▶ _What the exercise asks_
In the material below, print every line exactly and omit the pictures.
START Exercise data
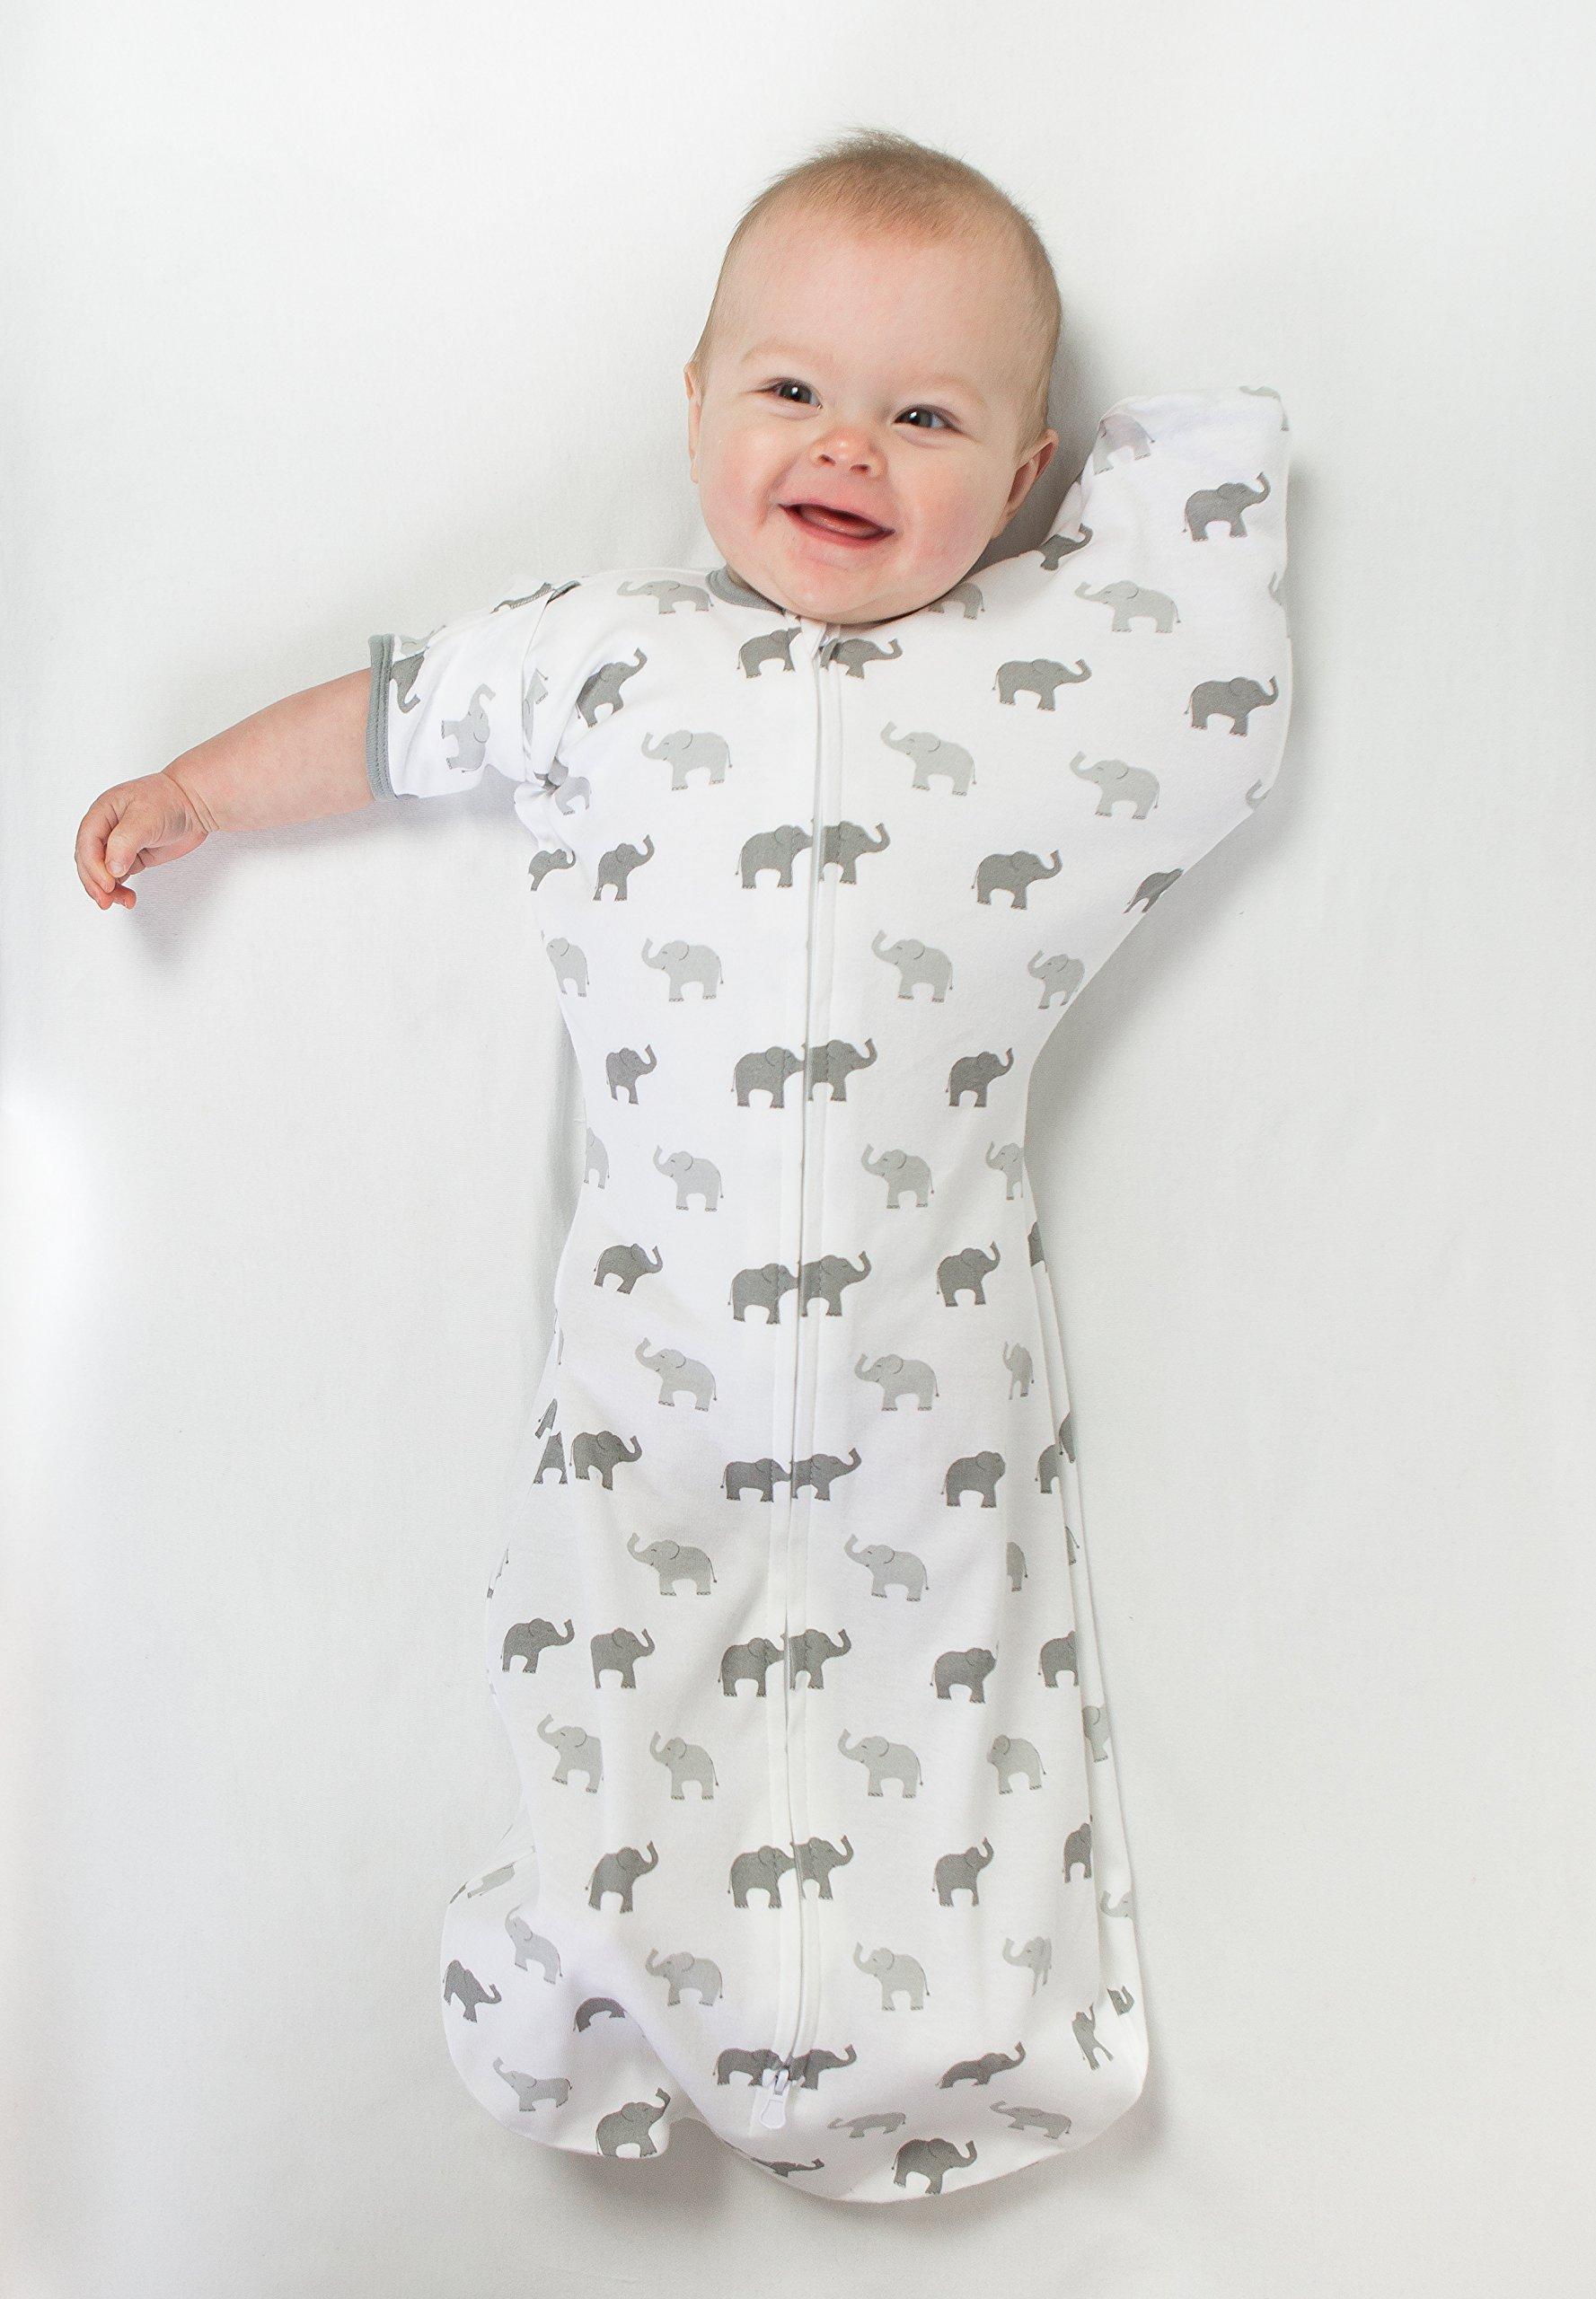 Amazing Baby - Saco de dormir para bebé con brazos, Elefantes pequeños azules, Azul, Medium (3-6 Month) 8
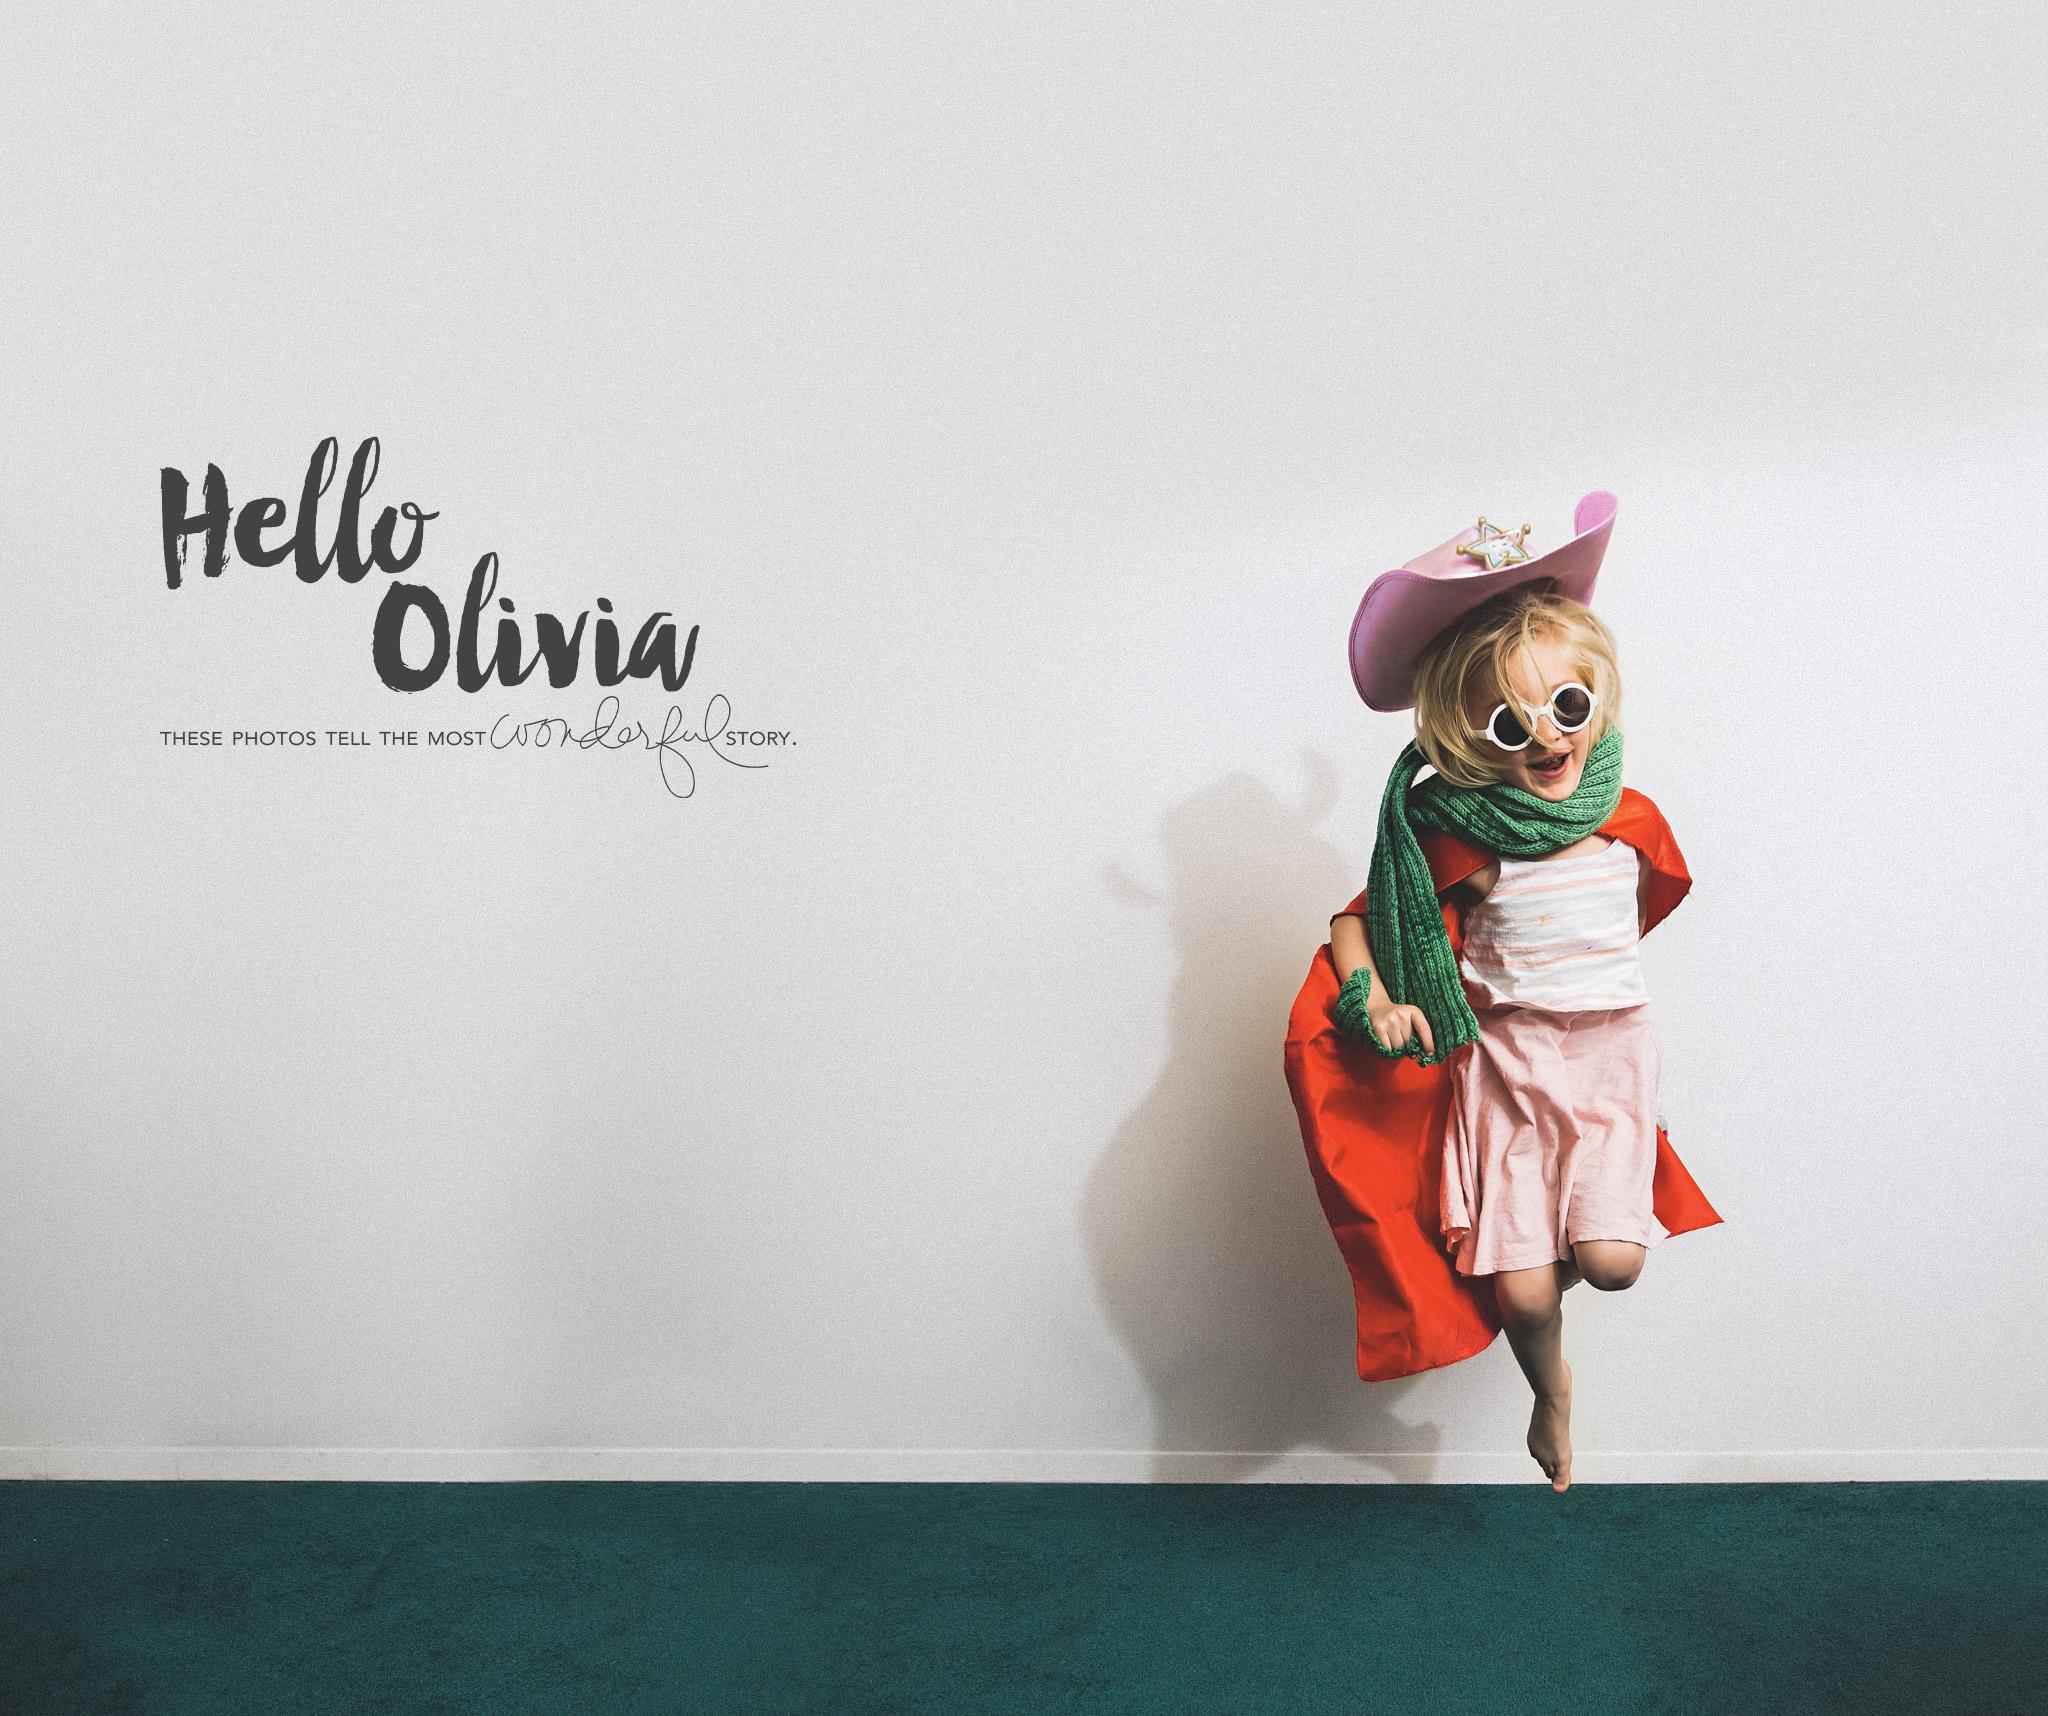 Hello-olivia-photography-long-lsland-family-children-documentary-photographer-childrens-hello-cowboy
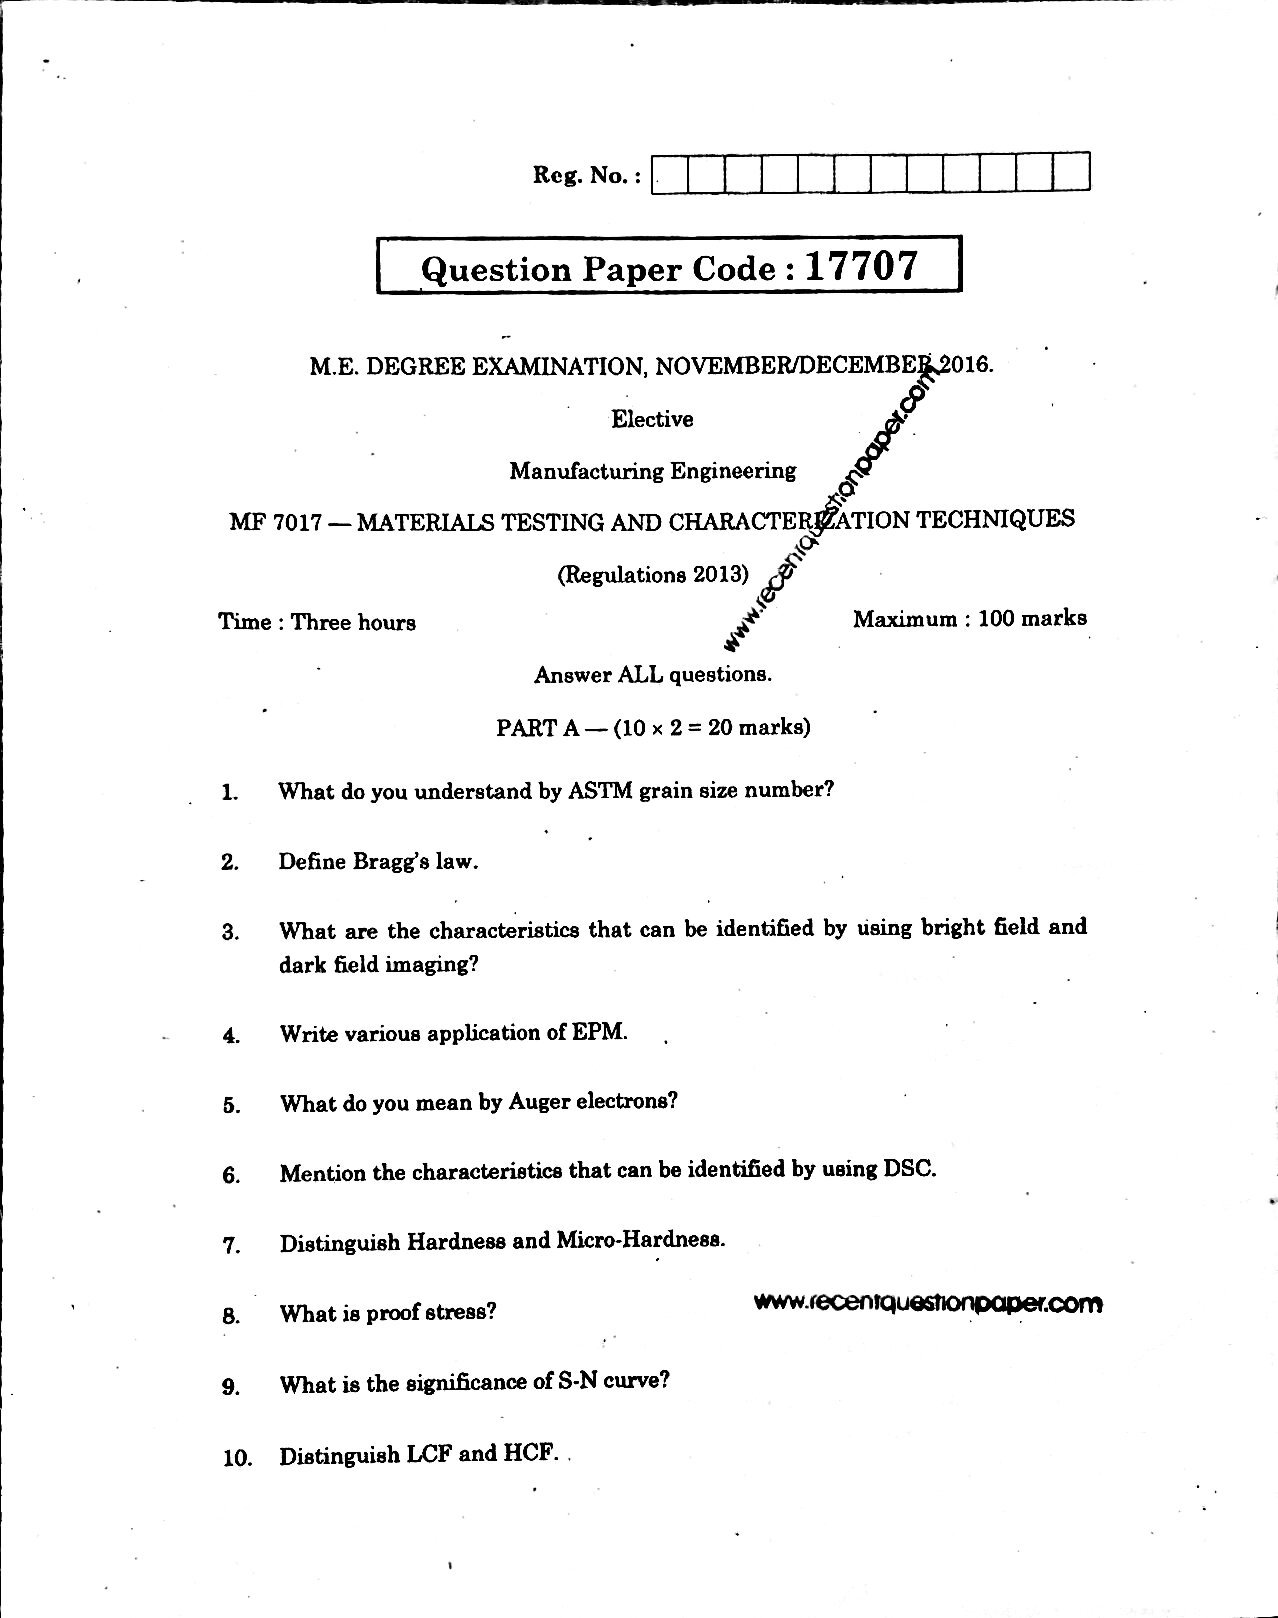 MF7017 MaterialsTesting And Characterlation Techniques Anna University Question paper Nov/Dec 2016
END Exercise data
▶ _Answer to the exercise_
 Amazing Baby - Saco de dormir para bebé con brazos, Elefantes pequeños azules, Azul, Medium (3-6 Month) 8
 Hello-olivia-photography-long-lsland-family-children-documentary-photographer-childrens-hello-cowboy
 MF7017 MaterialsTesting And Characterlation Techniques Anna University Question paper Nov/Dec 2016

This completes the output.